Aposta tem sido também na produção nacional. Com a pandemia a encerrar os cafés e restaurantes, muitos pequenos produtores ficaram em março e abril sem canal para escoar a carne de borrego ou cabrito ou até os queijos regionais. A situação levou mesmo o Ministério da Agricultura a apelar aos super para a apoiar o escoamento na Páscoa.

"Estabelecemos um calendário semanal de apoio à indústria portuguesa, neste caso aos produtores, e que achámos relevante comunicar. Começamos com os ovinos e caprinos, numa altura complicada, a Páscoa, onde a mudança dos hábitos alimentares foi dramática, a falta de haver reuniões familiares e amigos reduziu e não havia o consumo habitual de cabrito e borrego", descreve Nuno Begonha. No caso dos produtores de queijo, 29 pequenos produtores passaram a fazer entregas no retalhista alimentar.

Seguiram-se campanhas nas categorias de vitela e o vitelão, vinhos, carne Angus, enchidos regionais, peixe selvagem "e vamos para a semana promover a fruta de caroço".

Durante as semanas do período de emergência (entre a semana 12 e 18, de 16 de março a 27 de abril) compraram mais de 615 toneladas de borrego, cabrito e cordeiro; mais de 120 toneladas de queijo regional; mais de 1,650 toneladas de vitela e vitelão e, "num período um pouco mais alargado", venderam mais de 11,5 milhões de garrafas de vinho, mais de 250 toneladas de bovino angus e 700 toneladas de enchidos regionais. "São números com dimensão que dão corpo a esta ação de investimento que o Pingo Doce tem vindo a fazer para tentar apoiar o mais possível a indústria nacional", assegura Nuno Begonha.

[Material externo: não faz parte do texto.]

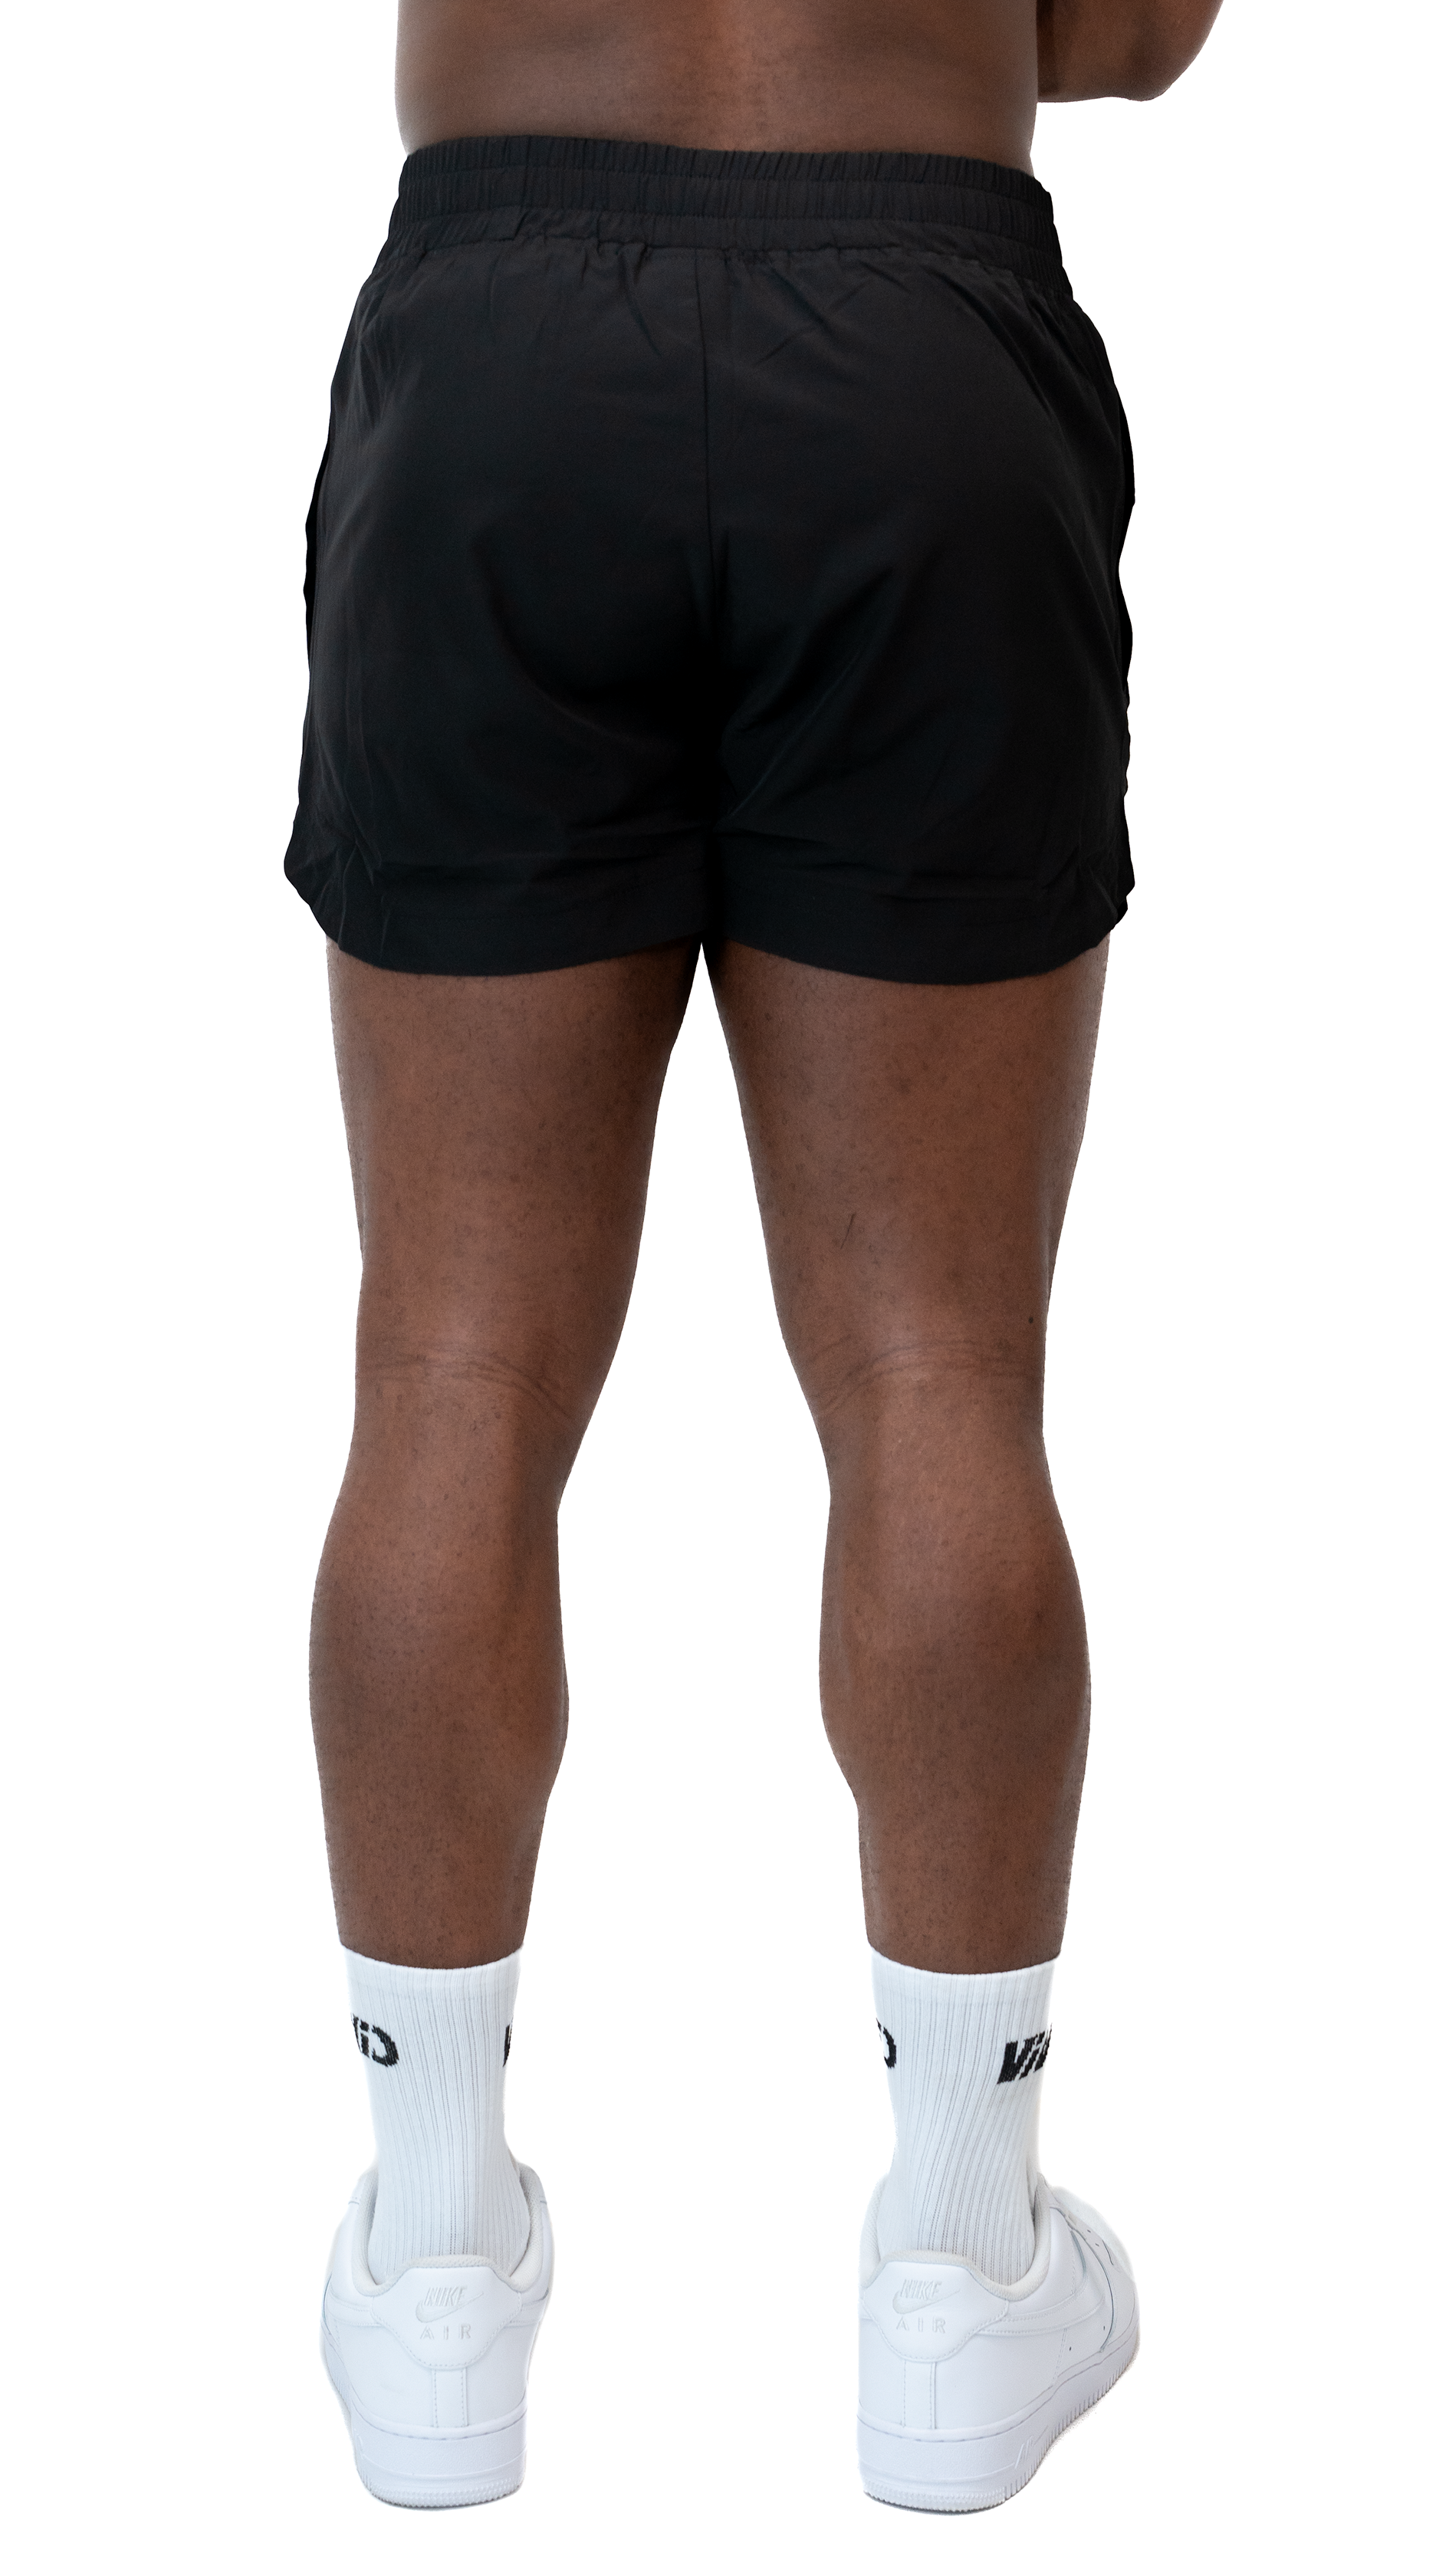 7 Inch Quad Shorts - Black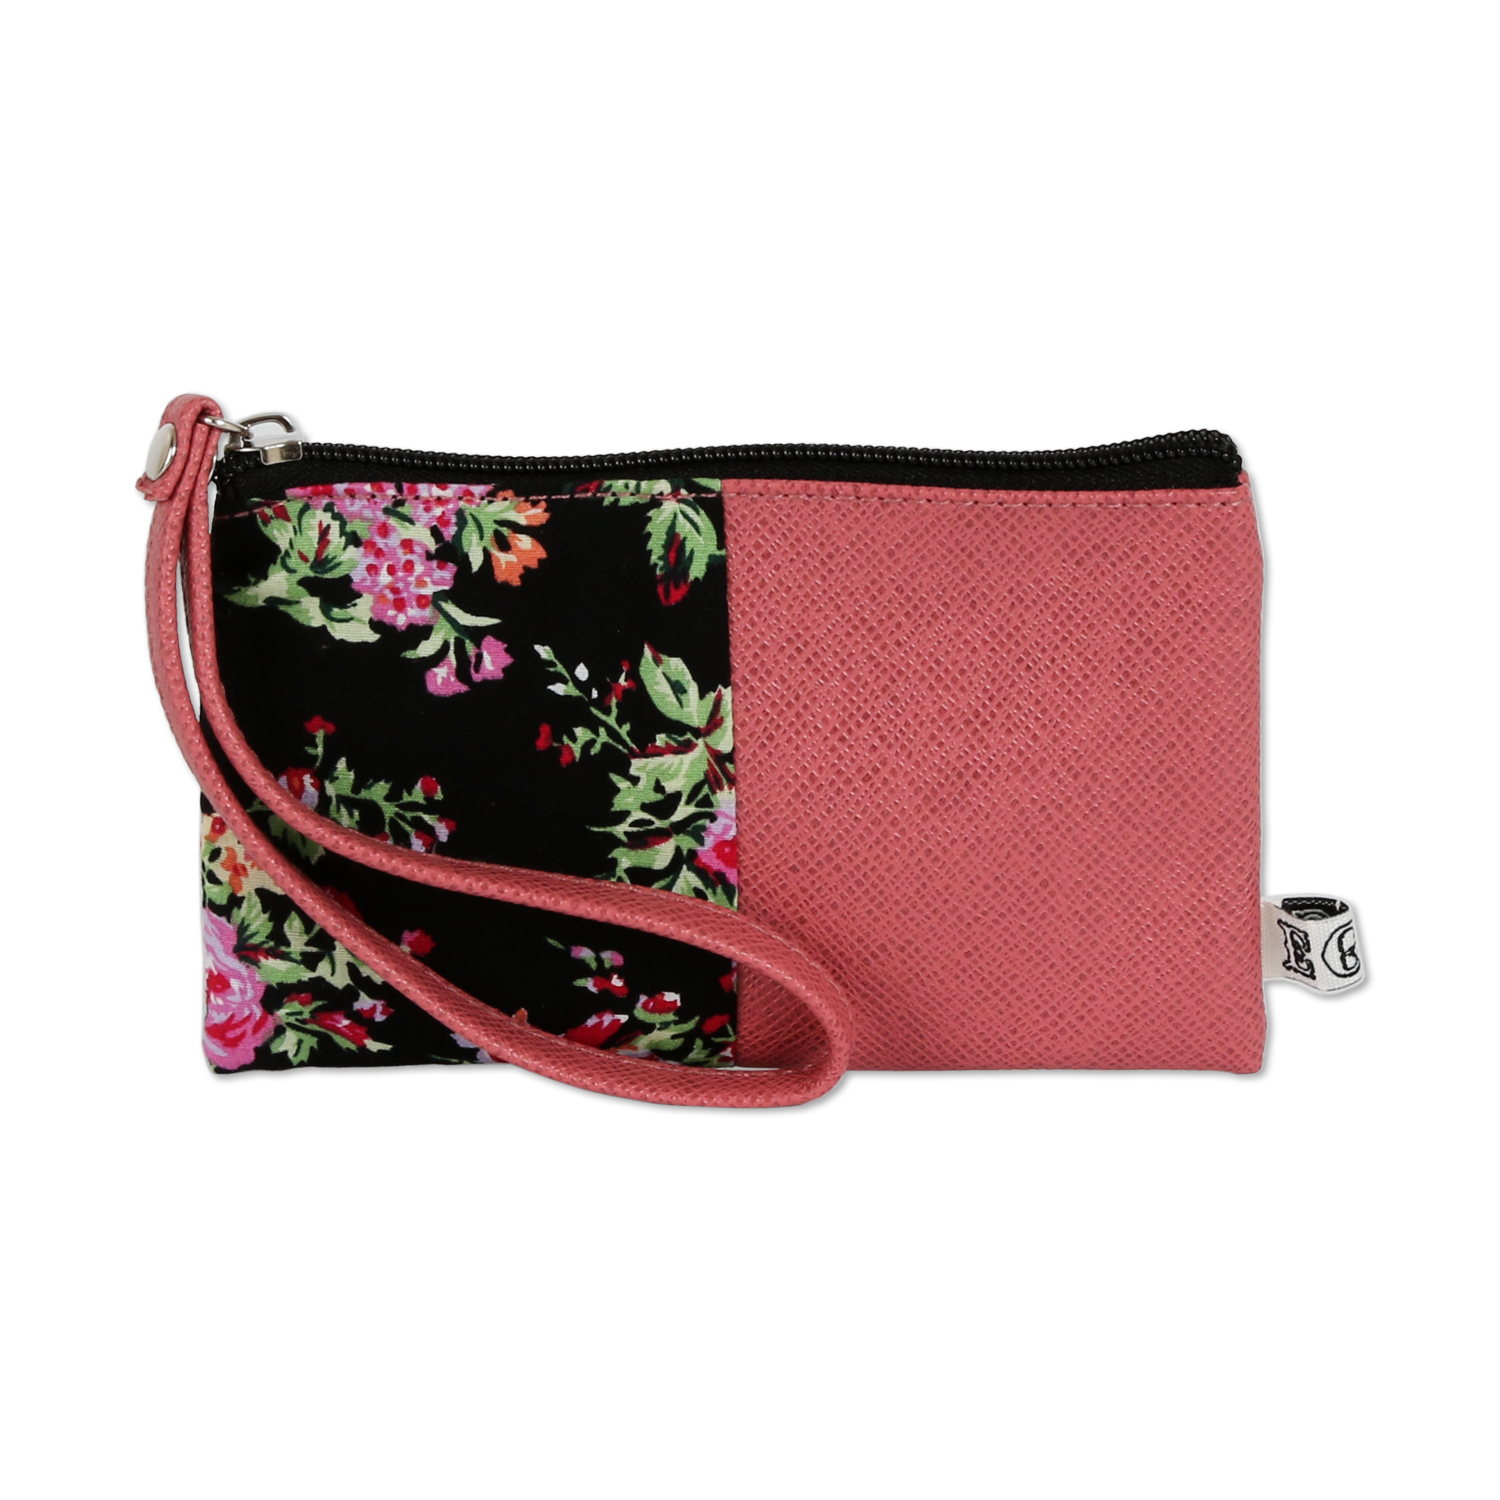 Daopwlkom Womens Multifunction Travel Phone Pouch Wristlet Bag Fashion Printing Zipper Sport Shoulder Bag Mini Wrist Purse

A cadeia não revela quanto investiu em compras nacionais nesta fase de pandemia, mas em média, 80% das compras anuais, mais de 3 mil milhões de euros, da cadeia são feitas a produtores nacionais. No mês da Páscoa esse peso subiu."Em abril, um mês até difícil em termos de vendas do Pingo Doce, esse peso passou para mais de 80%. Claramente, houve aqui um enfoque grande na indústria nacional", destaca.

E qual foi a recetividade dos consumidores? "Houve um investimento grande da Jerónimo Martins e houve um investimento em termos de preço e, de facto, as famílias reagiram e responderam muito bem. Fruto do mercado, da falta dos tais convívios sociais, estavam a escolher outro tipo de produtos e conseguimos alterar completamente a tendência negativa com as ações que fizemos quer ao nível do borrego, quer dos queijos. Ficámos muito surpreendidos com os resultados".

Para as vendas terá certamente contribuído os descontos associados. No caso da carne de borrego, a cadeia oferecia um desconto de 50%. Mas não à conta da margem dos produtores, assegura Nuno Begonha. "Não vai encontrar seguramente nenhum fornecedor a dizer que Pingo Doce andou a solicitar esse tipo de desconto aos nossos fornecedores", garante.
"Houve aqui um grande investimento do Pingo Doce, mais do que representativo são os testemunhos dos nossos produtores que temos vindo a dar um bocadinho até para desmistificar essa situação".

Uma aposta na produção nacional que vai ter, pelo menos, continuidade até 14 de junho. "Este apoio à produção nacional temos de manter, porque temos de ajudar."